Sununu dodges on immigration

Romney surrogate John Sununu won't tell Salon if his candidate would overturn Obama's immigration policy

Published August 27, 2012 4:06PM (EDT)

Colombian immigrants Daniel Nino, left, and his mother Patricia Cara get help filling Deferred Action Childhood Arrivals applications in Langley Park, Md.   (AP/Jose Luis Magana)
Colombian immigrants Daniel Nino, left, and his mother Patricia Cara get help filling Deferred Action Childhood Arrivals applications in Langley Park, Md. (AP/Jose Luis Magana)

Mitt Romney’s informal immigration adviser is suing the Obama administration over its new immigration policy, which gives some young undocumented immigrants legal status, but Romney has been cagey about what he would do with the policy if elected. Romney surrogate John Sununu, the former New Hampshire governor, demurred to provide a solid answer today when Salon asked him what Romney would do about the policy after a press conference on the GOP and Hispanic vote. “If Obama really was serious about that, he wouldn’t have been such a phony in doing that, and he would have done it four years ago.

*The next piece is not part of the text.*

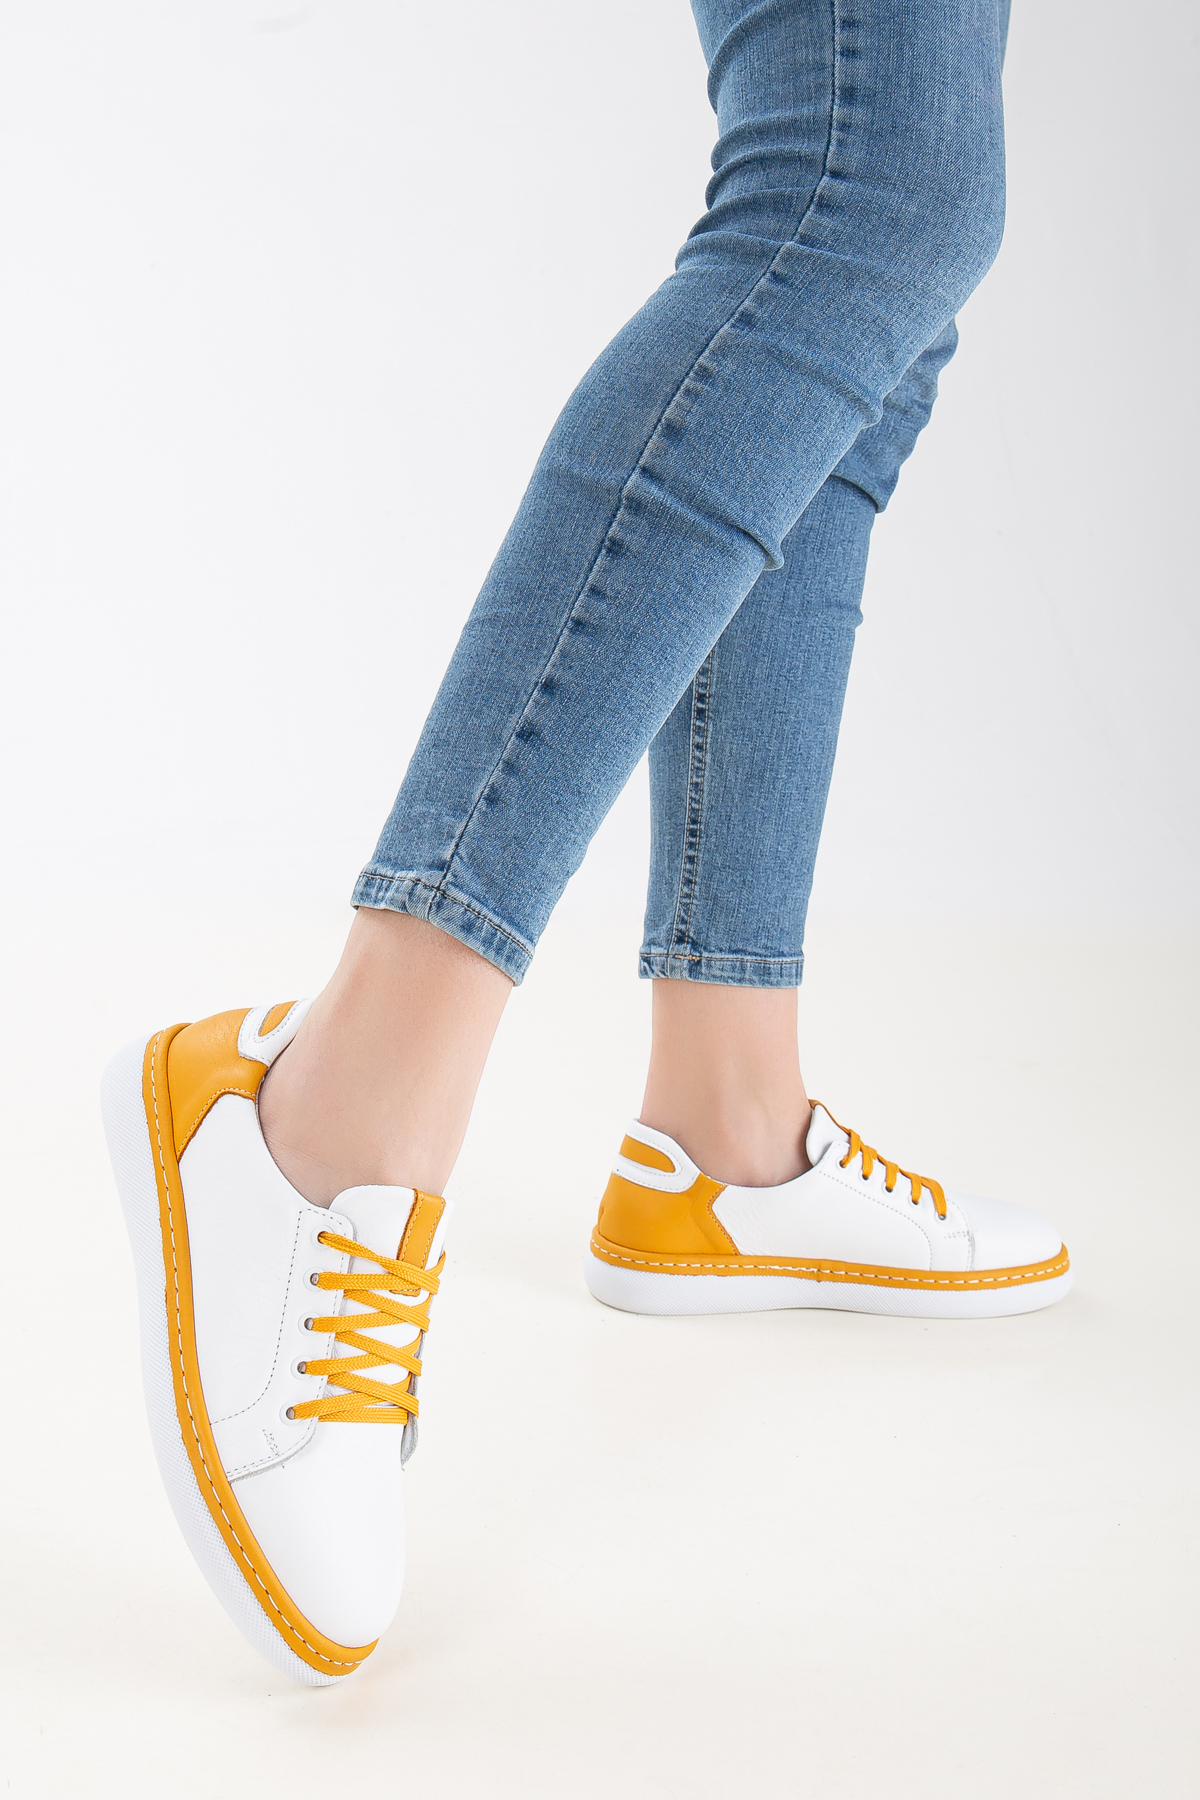 Kadın Sneakers Sarı Hakiki Deri Spor Ayakkabı

This presidency, by doing something late and politically, defined both his incompetence and his insincerity,” Sununu said after answering questions in Spanish with the Hispanic press.

During the GOP primary, Romney vowed to veto the DREAM Act, which would implement a stronger version of what Obama did through executive order, but since winning the nomination, he’s tacked to the middle and avoided striking the hard-line tone on immigration that made him one of the most conservative candidates on the issue in the GOP field.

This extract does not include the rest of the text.